Jeux de plateau

Critique de jeu : Le Havre

Vu la malheureuse obligation de comparer Le Havre avec Agricola, le précédent jeu à succès du même auteur sorti il y a près d’une année à peine, nous avons décidé de diviser cette critique en deux parties, l’une uniquement centrée sur Le Havre et l’autre focalisée sur la comparaison des deux jeux pour y relever leurs similitudes, différences, améliorations ou faiblesses.

Le Havre

La mécanique du jeu est über-simplissime, rarement autre jeu aura su se montrer aussi simple. Les règles de base ne tiennent que sur 5-6 pages.

Deux actions et demie

A son tour, un joueur devra :

avancer son bateau dans le port sur une tuile libre, la retourner et remplir les cases des ressources indiquées. Sachant qu’il y a 7 tuiles par manche, à 4-5 joueurs, certains joueurs ne joueront qu’une seule fois.

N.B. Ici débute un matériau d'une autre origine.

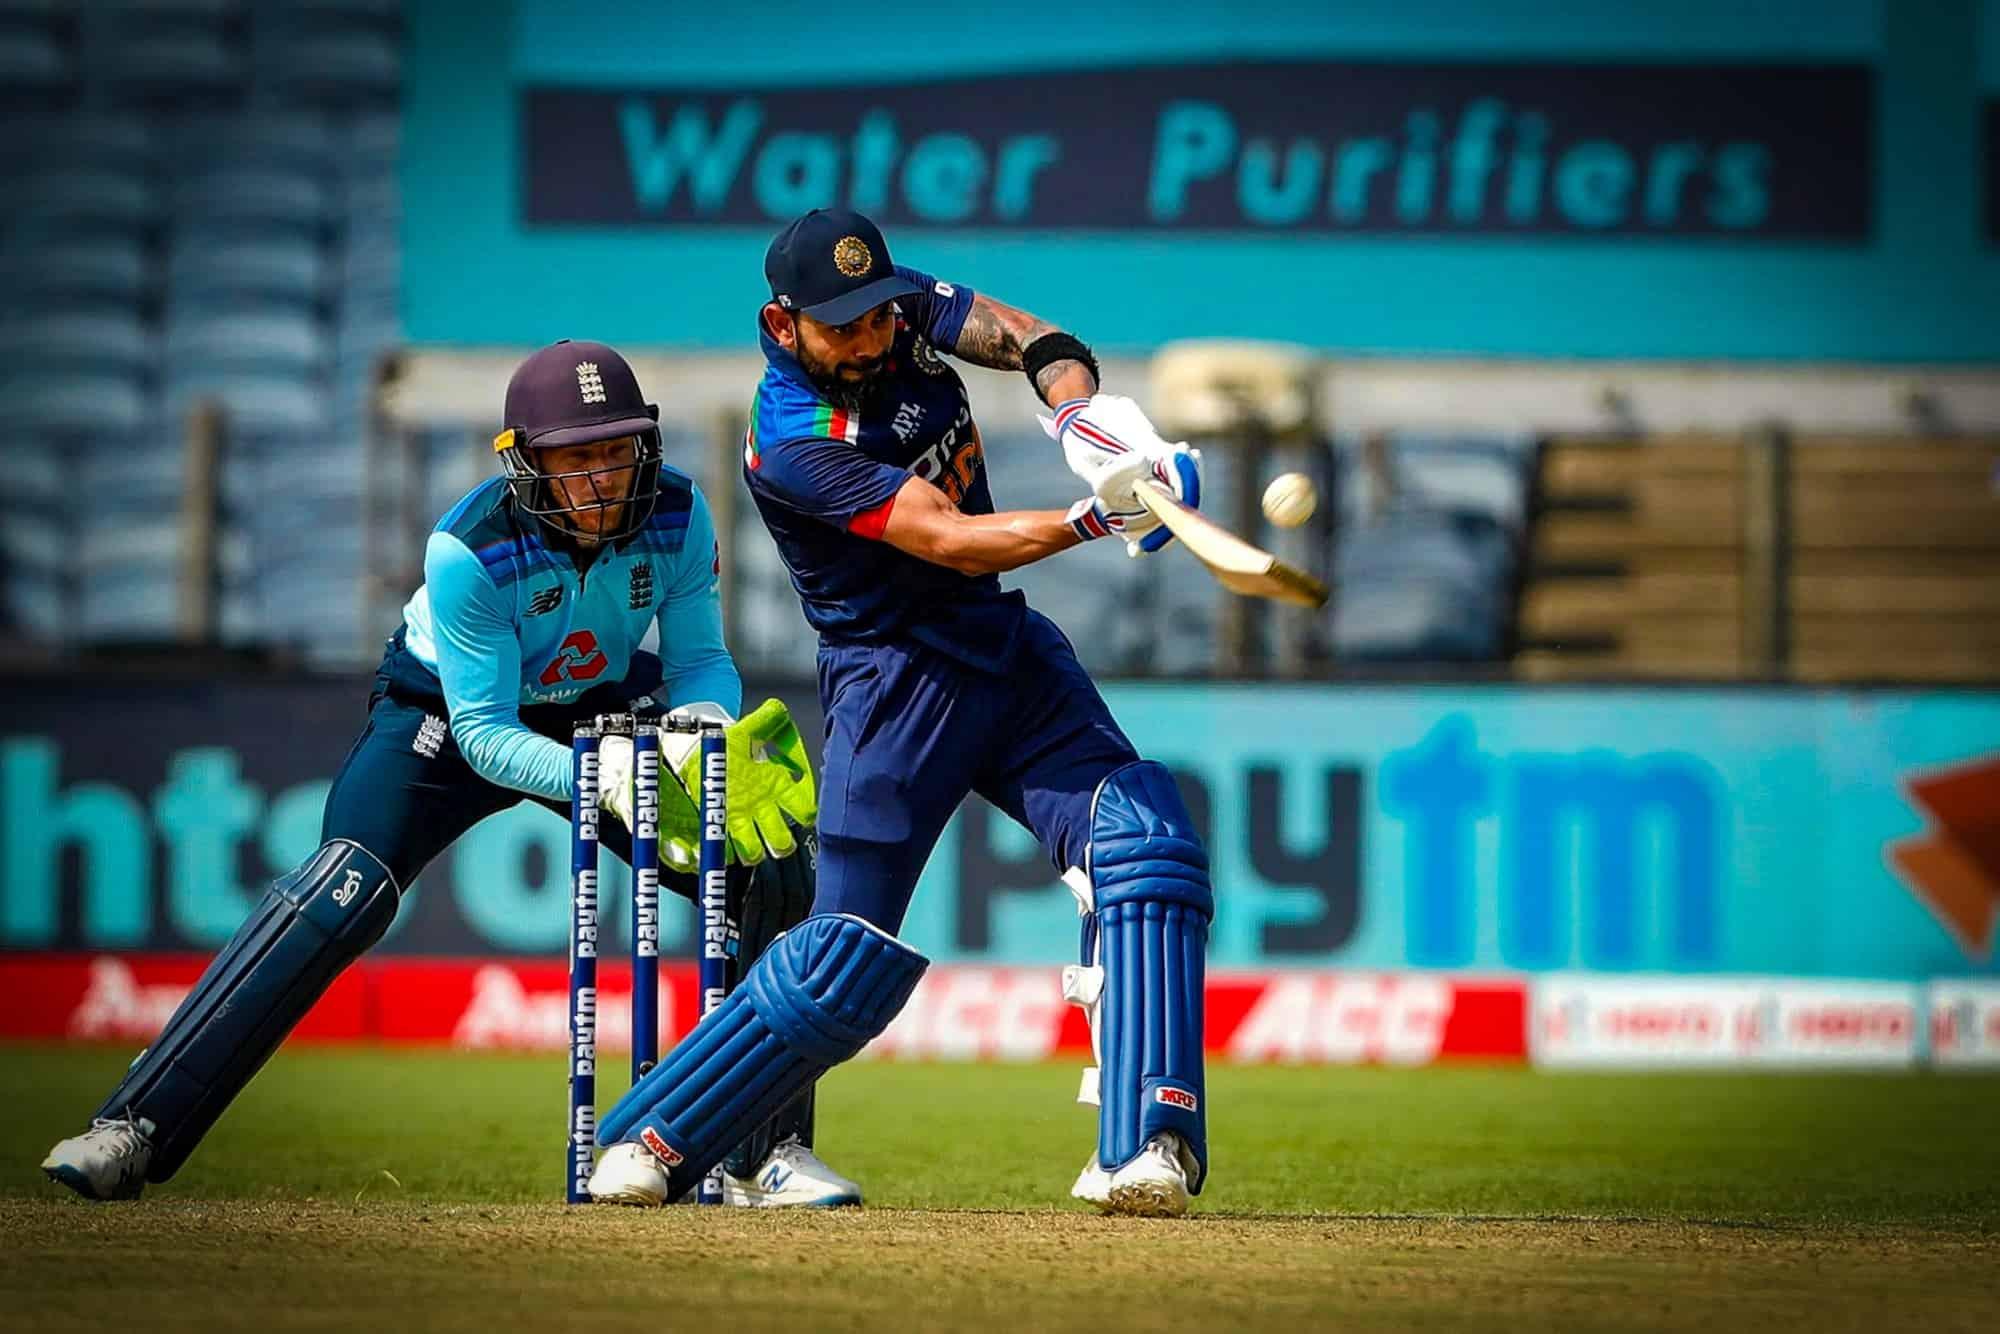 Virat Kohli Completes 10,000 Runs While Batting At Number 3

soit prendre toutes les ressources (la même) à disposition sur une des cases, soit placer son jeton / travailleur sur un bâtiment libre (sans personne dessus) pour y effectuer l’action correspondante. Les bâtiments à disposition doivent être soit construits (par un autre joueur ou soi-même), soit appartenir à la ville. Si on place son marqueur sur un bâtiment autre qu’à soi, on doit payer une « taxe d’entrée », soit à la ville / banque pour un bâtiment de la ville soit directement au joueur propriétaire.

On a en plus une autre action possible à tout moment de son tour, soit acheter un des bâtiments visibles, soit vendre l’un des siens, soit se débarrasser d’une carte de prêt. Le prix, ressources nécessaires et actions sont indiquées sur les cartes.

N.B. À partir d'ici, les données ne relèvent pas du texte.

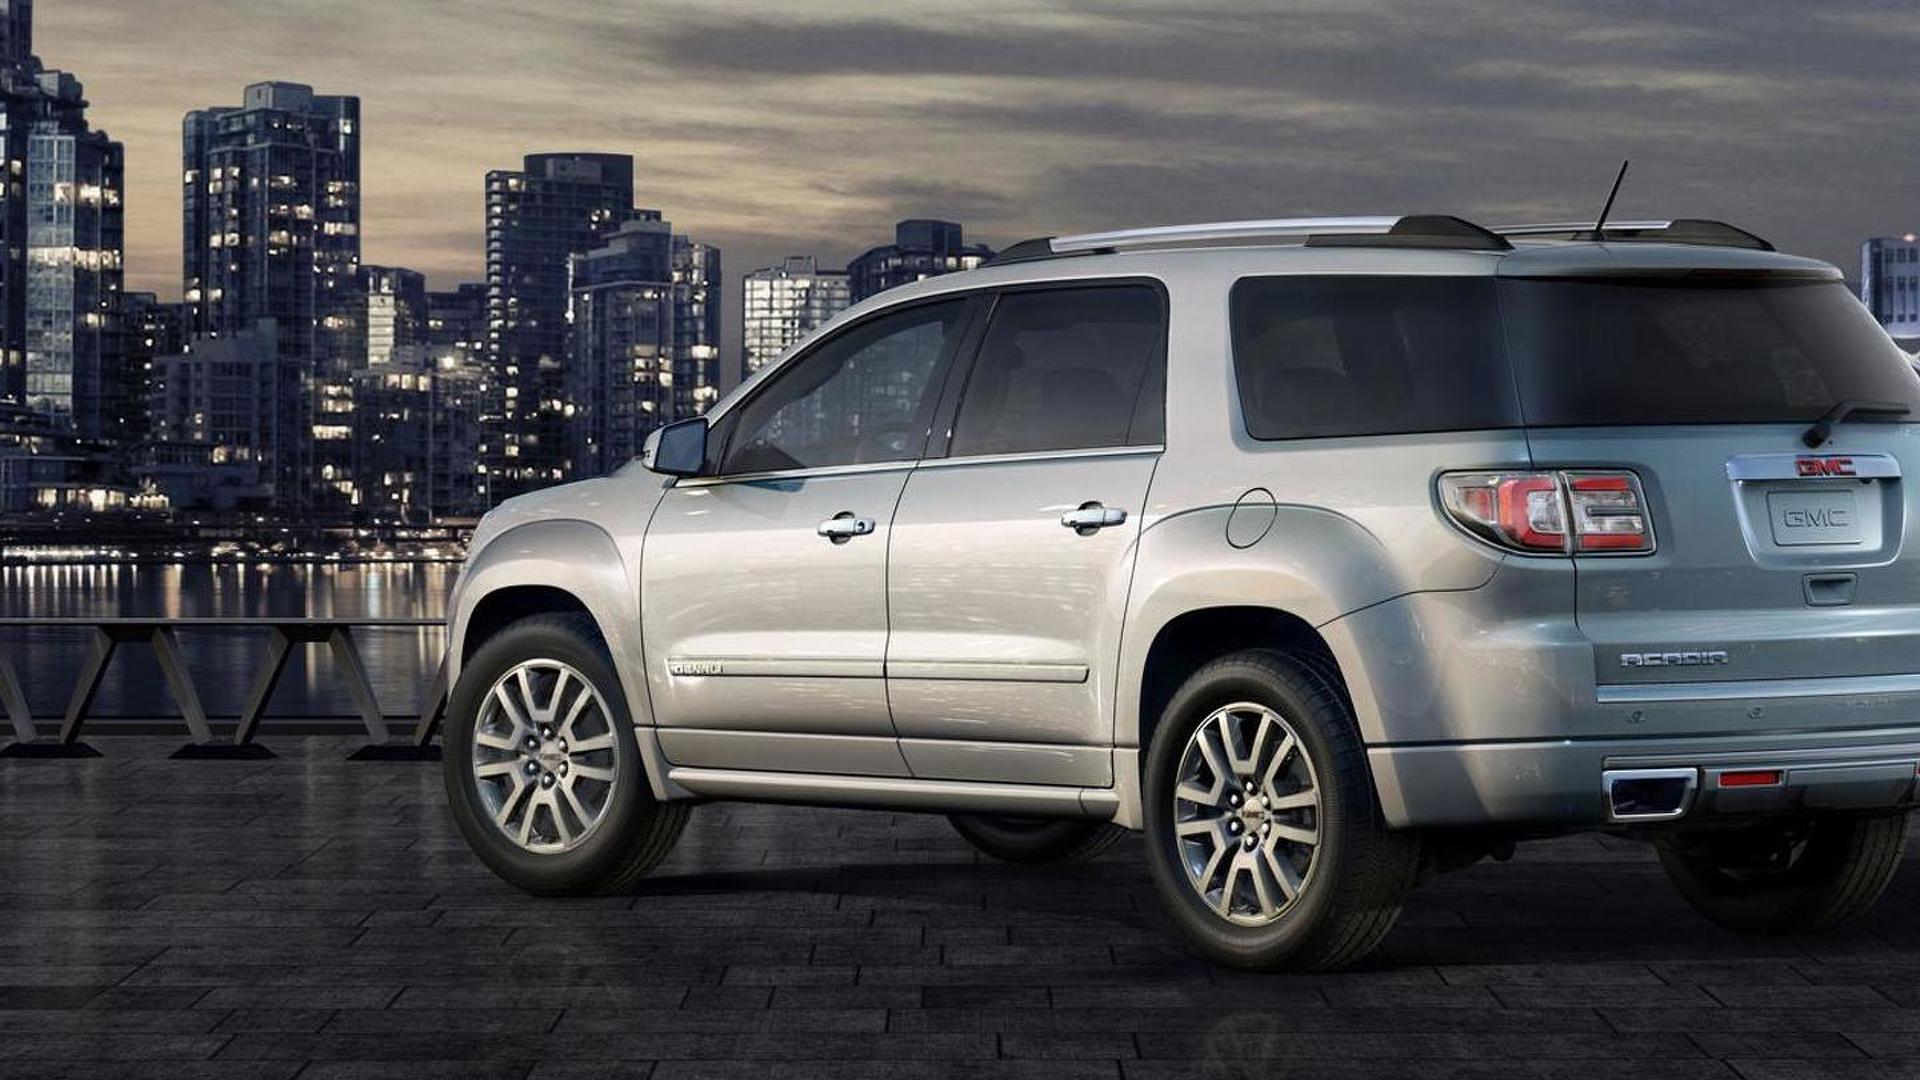 2013 GMC Acadia facelift debuts in Chicago

La mécanique principale du jeu réside dans l’achat ou la construction de bâtiments qui permettront l’acquisition ou la transformation / amélioration des ressources. En effet, chacune d’entre elles possèdent deux faces, un recto basique et un verso plus enrichi : argile-brique / bétail-viande / céréale-pain / poisson-poisson fumé / fer-acier, etc. Il faudra par conséquent veiller à optimiser ses choix d’actions et constructions.

Comment gagner ?

Les conditions de victoire sont là aussi tout simples : on compte la valeur des bâtiments / navire construits et acheté, puis on ajoute son pécule, dont on soustrait encore des points par carte de prêt possédée.

Staying Alive

(titre de la chanson des Bee Gees des années 70. Ceux qui connaissent la filmographie de Frank Dubosc comprendront le rapport…)

En fait, toute la difficulté du jeu ne réside pas dans sa mécanique / compréhension, mais bel et bien dans sa gestion, puisqu’après 7 tours, on doit nourrir ses travailleurs, et comme vous l’aurez imaginé, la quantité de nourriture augmente au fil du jeu ce qui rend la partie de plus en plus tendue. On est d’ailleurs bien informé des quantités dès le début puisqu’on pose lors de la mise en place une aide de jeu avec toutes les valeurs indiquées.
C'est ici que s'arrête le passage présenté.